THE TASK: Within the entries below, output exactly the lines between the line containing "WAV Cars For" and the line containing "Styline X Jude", inclusive, and omit any picture.

SUPPLIED RECORDS:

=== Begin Enclosure ===

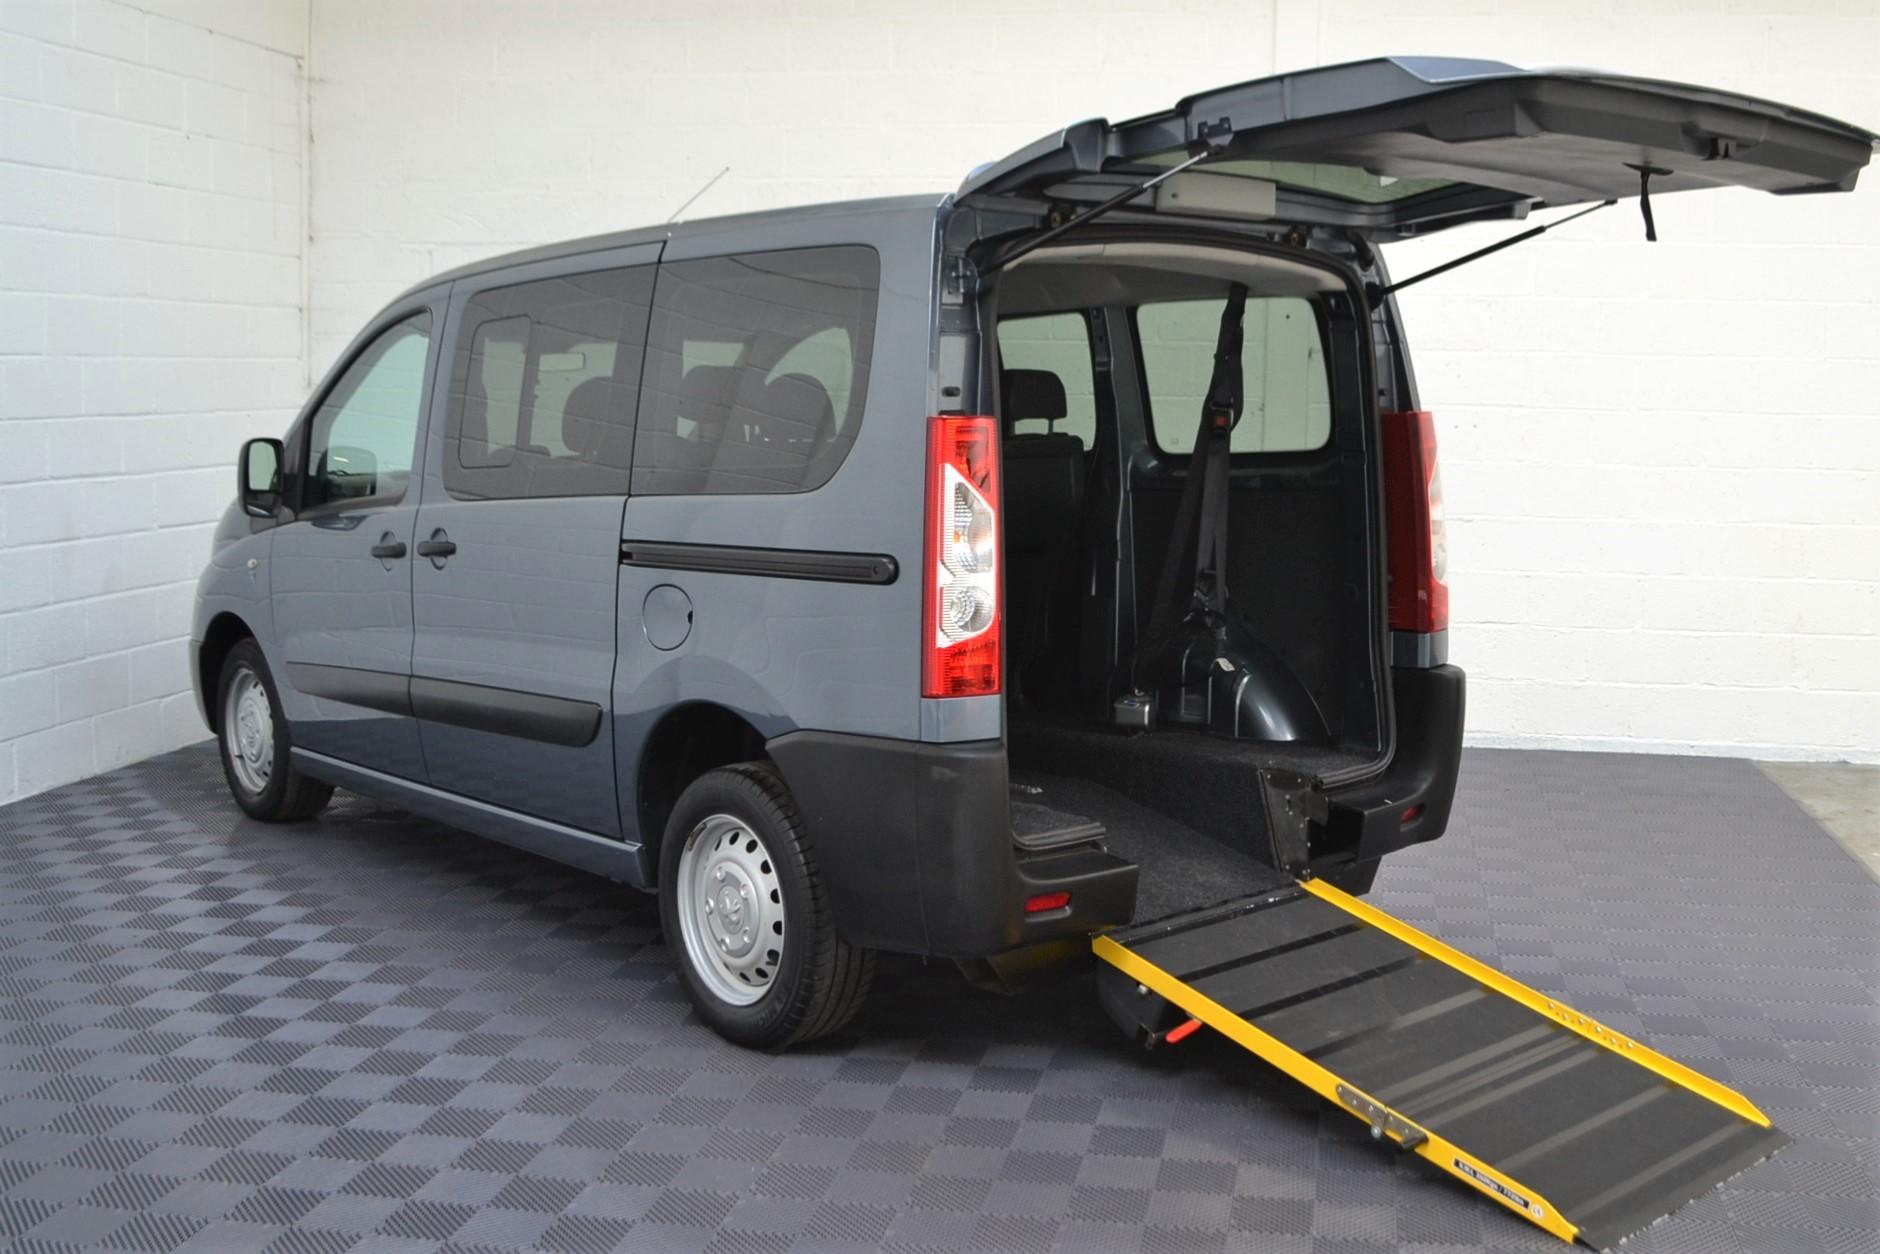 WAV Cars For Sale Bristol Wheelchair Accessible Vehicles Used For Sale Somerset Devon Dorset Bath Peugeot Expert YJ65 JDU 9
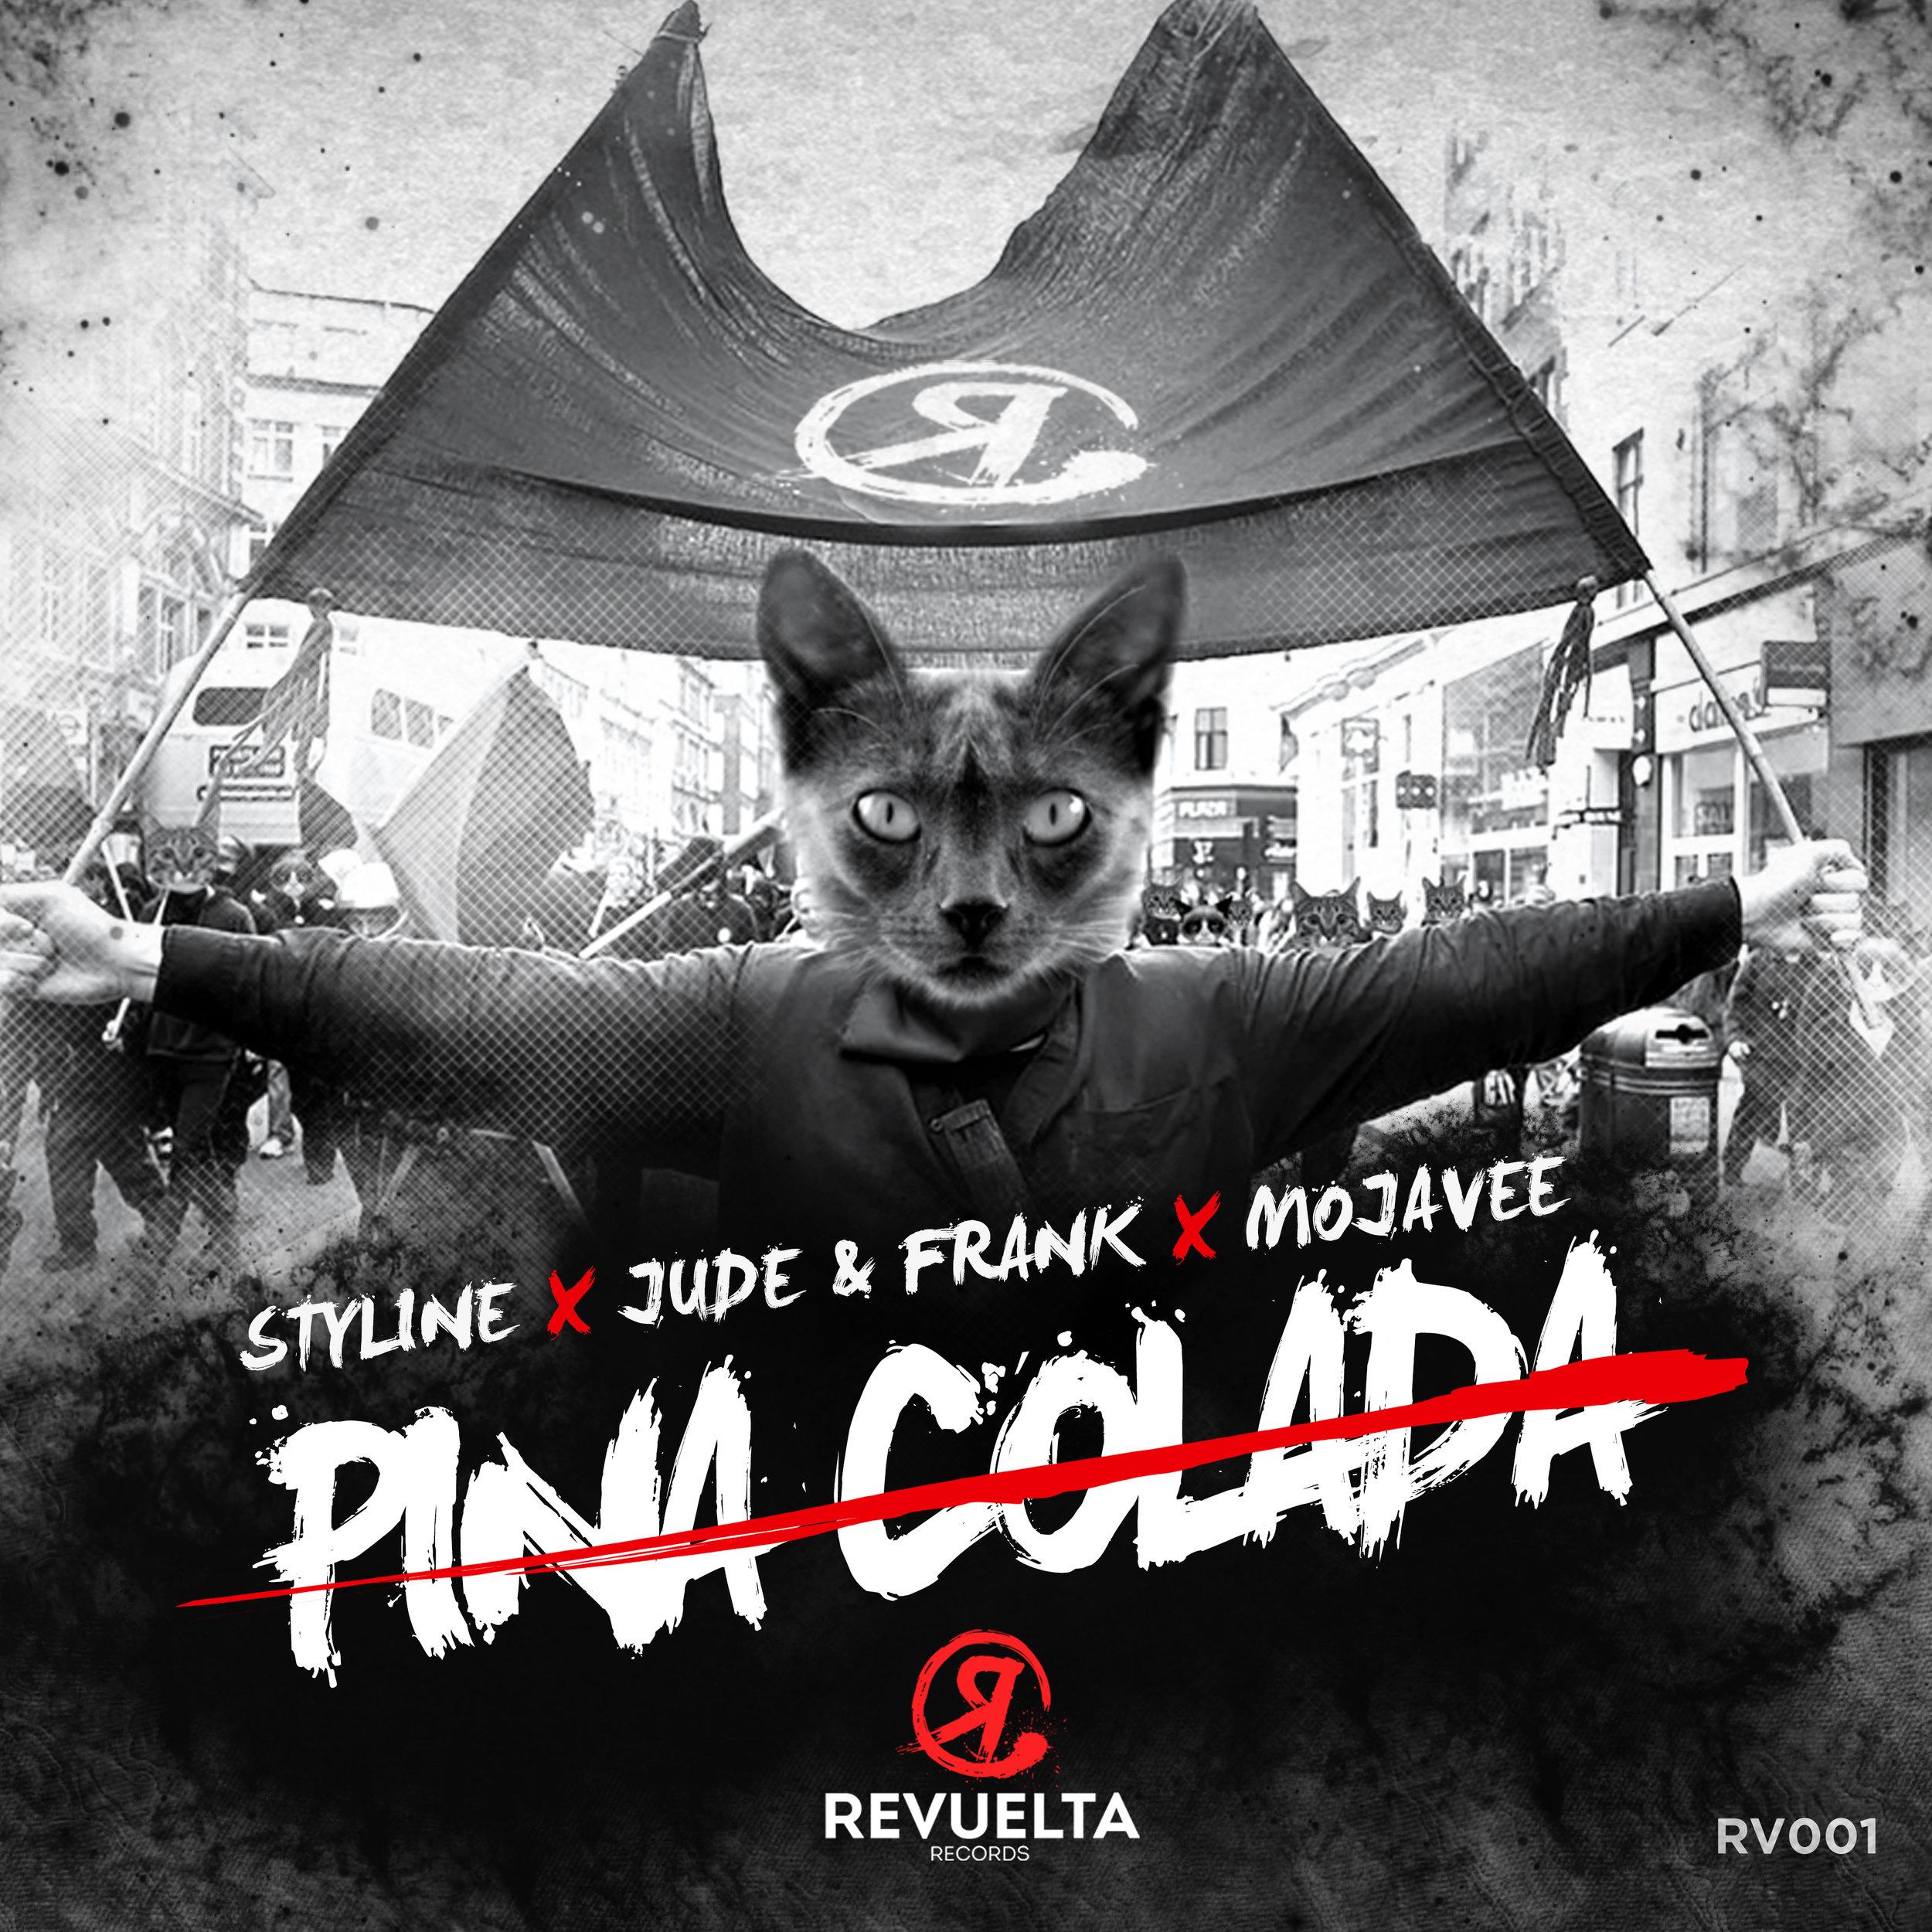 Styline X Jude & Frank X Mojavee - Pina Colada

=== End Enclosure ===
=== Begin Enclosure ===

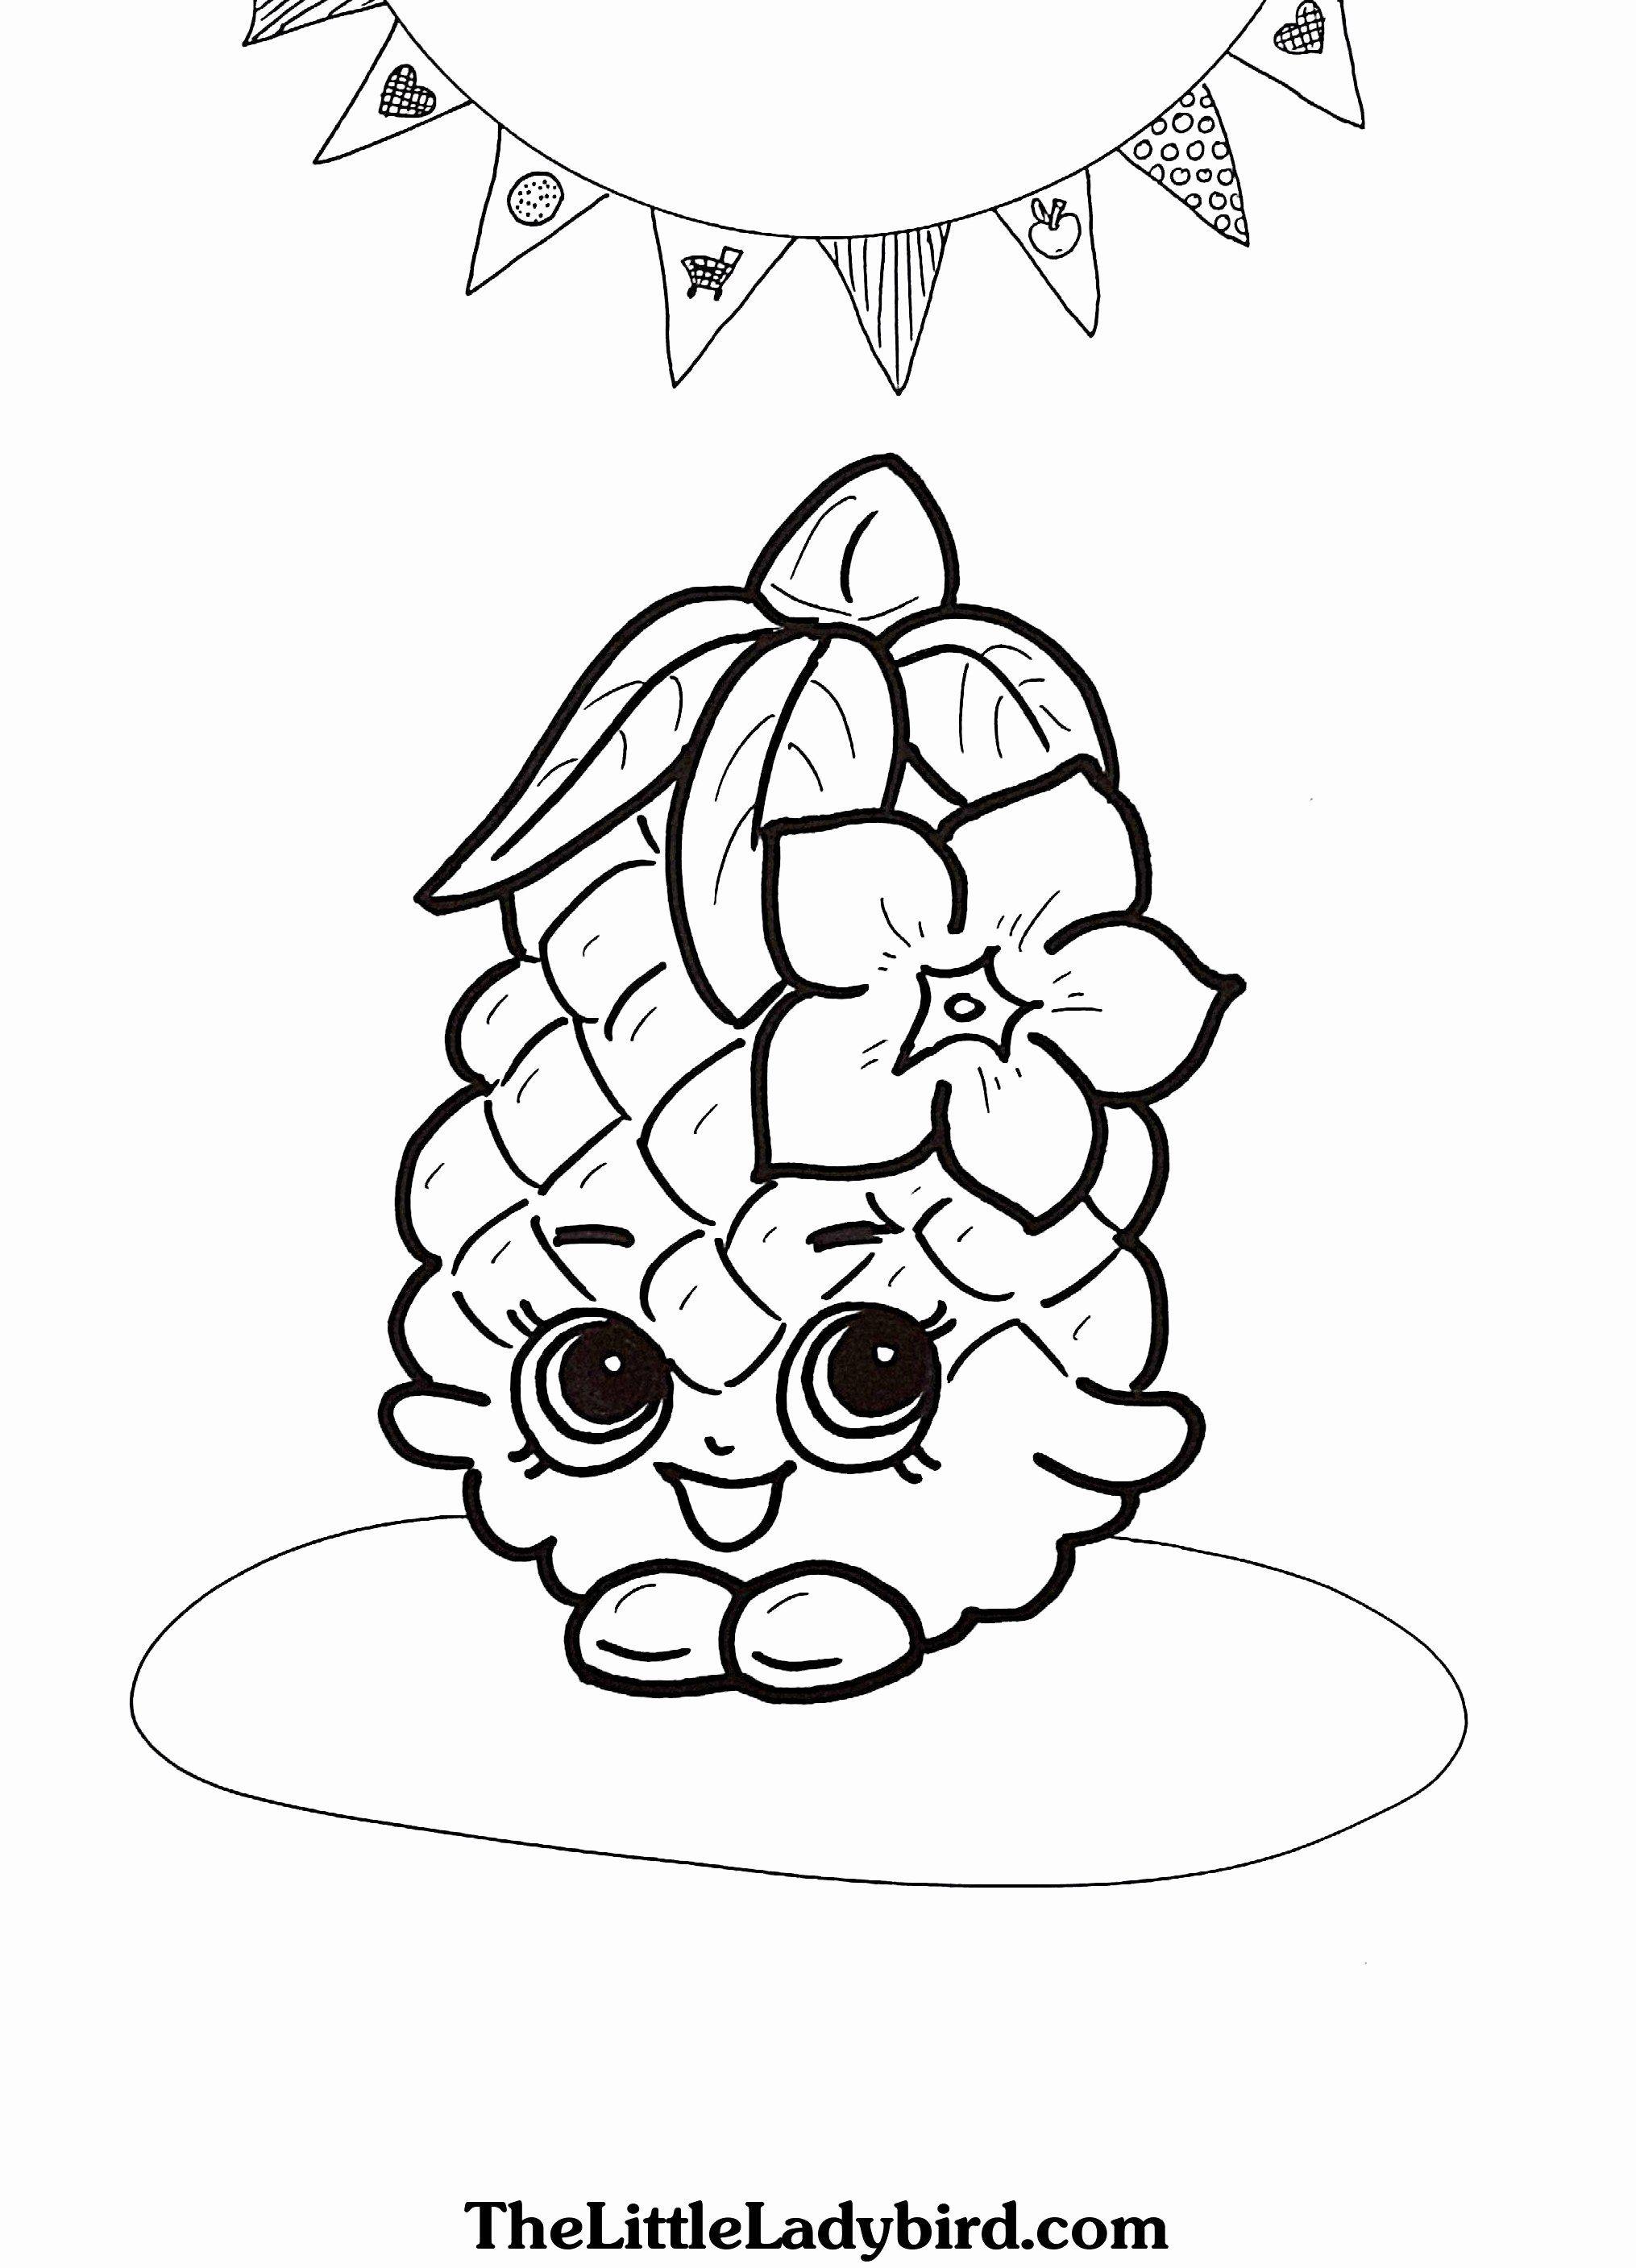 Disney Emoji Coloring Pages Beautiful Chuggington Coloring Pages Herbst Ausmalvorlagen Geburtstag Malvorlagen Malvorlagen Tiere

=== End Enclosure ===

EXERCISE RESULT:
 WAV Cars For Sale Bristol Wheelchair Accessible Vehicles Used For Sale Somerset Devon Dorset Bath Peugeot Expert YJ65 JDU 9
 Styline X Jude & Frank X Mojavee - Pina Colada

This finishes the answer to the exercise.